Nos reúne aquí una circunstancia especial y singular que, de alguna manera, se parece a aquel momento en el que Jesús confiesa que es el Hijo de Dios, y le dan un bofetón. Y el Señor dice: Si he hablado mal, ¿por qué me pegas? Si yo he venido a reconciliar a los hombres, si yo he venido a entregarles mi amor, si yo he venido para hacerles ver que todos somos hermanos, que no hay distancias entre nosotros, que cuando hay alguna necesidad en otro tengo que salir en su búsqueda y ayudarle… Si vengo a eso, si estoy con vosotros para eso, ¿por qué me pegáis?.
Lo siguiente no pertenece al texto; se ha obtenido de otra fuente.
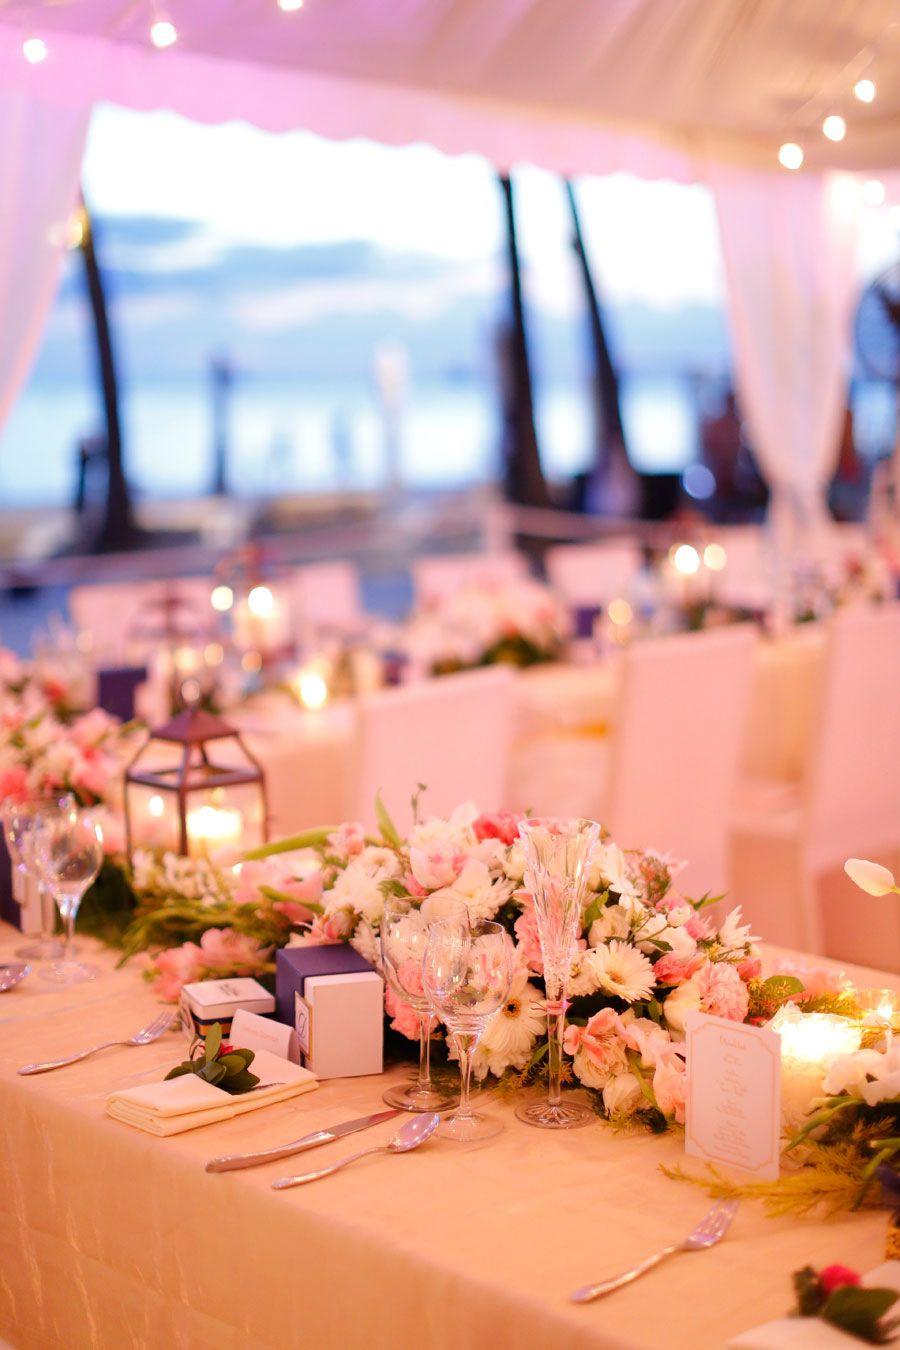 Tyson And Dees Romantic Beach Wedding At Discovery Shores Boracay

Queridos hermanos: esa página del Evangelio sigue siendo una realidad permanente y constante en nuestra vida. Yo, desde que soy obispo, hace ya muchos años, he pasado por tantas iglesias particulares... primero en Galicia, como obispo de Orense; más tarde como arzobispo Oviedo y toda Asturias; más tarde en Valencia; y ahora aquí, en Madrid. Y siempre decía –sobre todo en los pueblos que visitaba, y a las gentes que visitaba–, cuando llegaban a la iglesia: aquí tenéis al vecino más importante. A Jesucristo, en el misterio de la Eucaristía. Es un vecino que, cuando le vienes a visitar, no solamente os entrega palabras que llevan paz al corazón, sino que además Él produce con su presencia tal paz en mi corazón, y tal capacidad para hacernos vivir de otra manera, que ciertamente es el mejor vecino que tenemos, al que tenemos que cuidar especialmente. No solamente no nos estorba, sino que Él nos acompaña, nos alienta, nos regala su amor, nos invita a vivir de la misma manera. Cada vez que nos reúne los domingos, alrededor del altar, vosotros veis que nos reúne siempre y nos dice: mirad, no podéis parar en vuestra vida hasta que no logréis entender que la vida, la vida de todos los hombres y la vida de todos los seres humanos, tiene que llegar a ser un lugar como esta mesa, en el que nadie sobra. Todos estamos alrededor de la mesa. Y todos vivimos, no de cualquier modo, y no de cualquier mandato, y no de cualquier palabra, sino que vivimos de esa palabra que nos dio el Señor cuando nos dijo: «Amaos los unos a los otros como yo os he amado». Y como yo os he amado está precisamente expresado ahí, en esa cruz maravillosa que tenéis aquí, en esta parroquia. Es decir: hasta dar la vida por los demás.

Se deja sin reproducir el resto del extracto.